Que llegaba pobre y sencillo a un pesebre, junto a una mula y un buey. Que tenía unos padres extraordinarios, únicos, que le cuidarían y le protegerían siempre. Era tan importante que también era hijo de Dios y quería que nos diéramos cuenta de que también los hombres son todos hijos de Dios y deben vivir para merecerlo y corresponder a ese gran regalo. Aunque solo éramos velas, sentíamos que el mensaje también era para nosotras…

Durante el mes de diciembre en la Iglesia había conciertos -con sus ensayos previos-, Adoraciones, Rosarios, conferencias…etc. Era un mes apasionante. Las cuatro tuvimos esa gran suerte porque hay velas que pasan su vida tristes, solas y aburridas. Y yo fui la que lo aproveché más tiempo que las otras tres velas.

Escuché que teníamos que preparar nuestro corazón y nuestra alma para la llegada del Niño, igual que su madre preparaba todas las cosas necesarias para recibirle porque llegaba para todos.

Y al escuchar “todos” me sentí incluida porque las velas también pensamos, queremos, nos alegramos… En fin que tenemos nuestro corazón y nuestros sentimientos. Para eso tenemos la llama, para dar calor y cariño.

Seguimos escuchando más cosas de ese Niño, que según iba creciendo, crecía en sabiduría y se hacía amigo de los pescadores, de los pobres y de los enfermos. Que le gustaban mucho los otros niños y quería que les dejasen acercarse a Él. Oímos hablar del buen pastor para la oveja perdida, del buen samaritano, del sembrador, del hijo pródigo, el rico Epulón y el pobre Lázaro, hacer crecer los talentos, curar a los enfermos.

Nos fascinaba todo. Empezó a parecernos un sueño poder verle, conocerle, mirar su cara y entrar en su sonrisa. Pero éramos realistas. No teníamos mucha vida por delante. Nos íbamos “consumiendo” mientras acompañábamos a todo el mundo a preparase para la Navidad.

Las velas tenemos una maravillosa vida, entre músicas, cánticos, rezos, Misas y otras muchas devociones, pero tenemos una vida breve. El final de esa vida llega cuando la cera acaba de consumirse y no queda nada de nosotros, nada o casi nada….

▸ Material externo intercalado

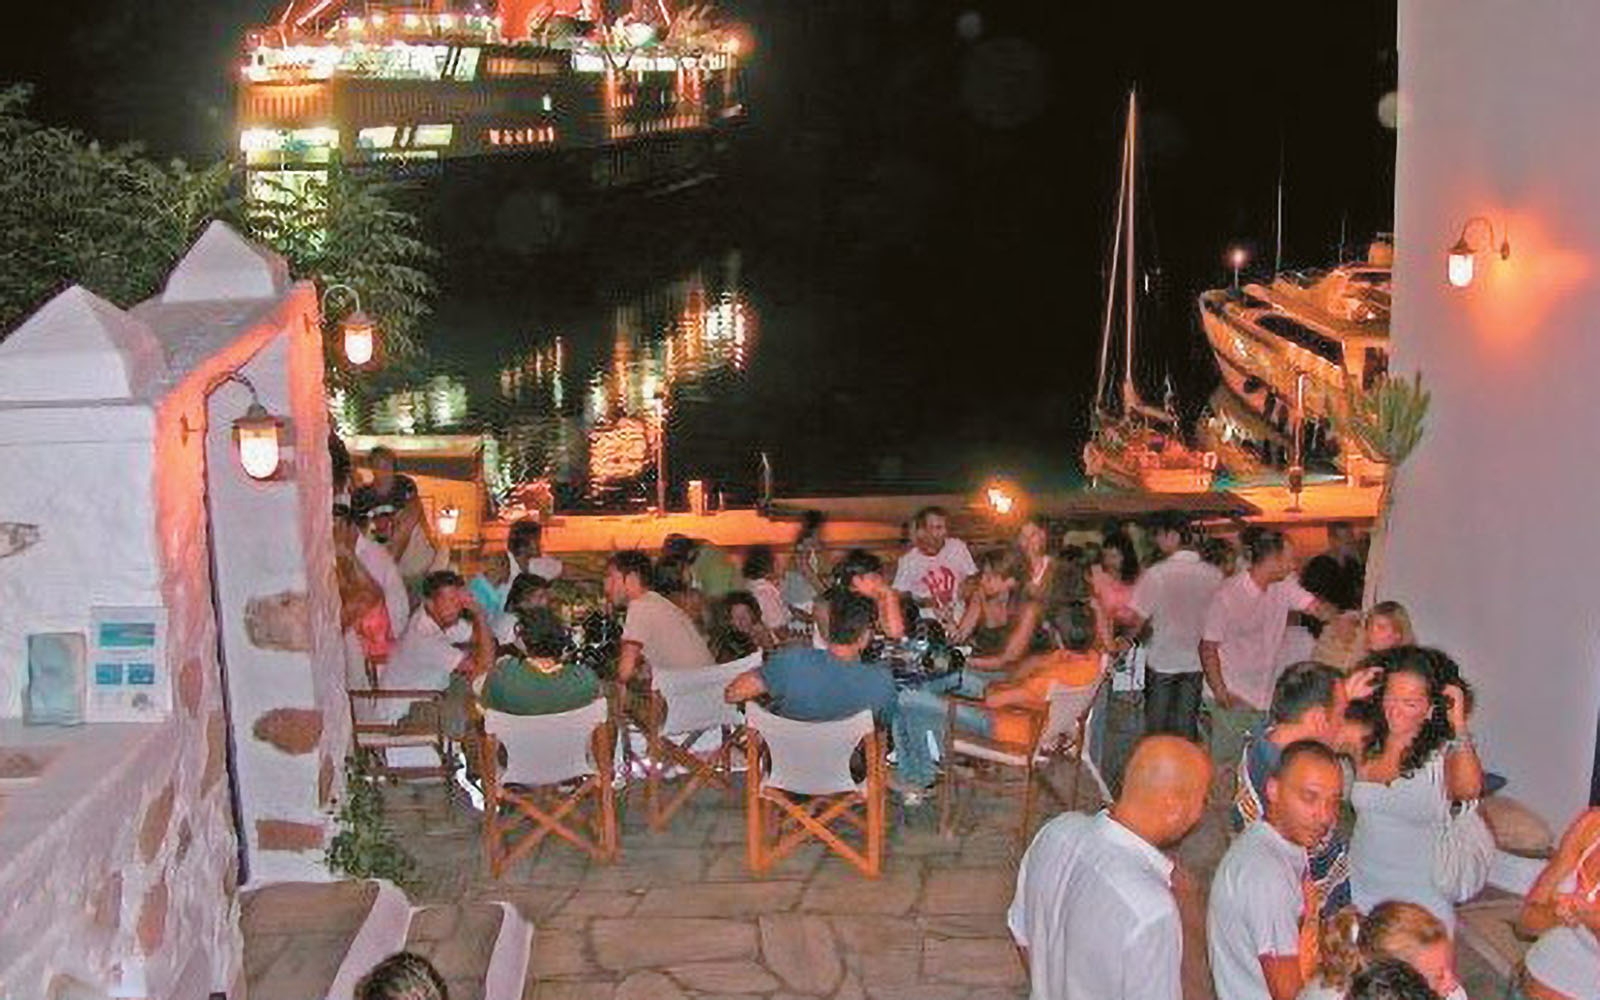 Entertainment on Milos Island

Con esta ilusión, este temor y esta pena, sucedió que un día, cerca del 24, estaba la Iglesia vacía y todavía lucíamos y estábamos encendidas. Vimos desde el altar cómo al fondo se abría sigilosamente la puerta de la Iglesia y entraba una luz inmensa que llegaba a todos los rincones, y sonaba una música celestial muy dulce. Por el pasillo central apareció una bella joven, era casi una niña, con un vestido blanco y un pequeño manto azul celeste sobre la cabeza, con una preciosa cara, radiante, sonriente, luminosa y plácida.

Caminaba muy despacio hacia la Corona de Adviento que formábamos las cuatro velas. Cuando ya estaba cerca vimos que tenía un niño en los brazos envuelto en una toquilla, y que ese niño era EL NIÑO, el que nos había cautivado, el que nos había seducido. Ella se lo acercaba a su corazón donde recibía todo el amor de la más maravillosa madre que ha existido nunca.

Lo acercó a nosotras y nos mostró entonces a su Divino Hijo y con una sonrisa nos dijo:

-Aquí está Jesús, quiero que lo veáis vosotras las primeras, antes que nadie, pues vosotras os habéis preparado intensamente, profundamente para recibirle con toda la ilusión, con todo el calor, con toda la alegría y el amor del mundo.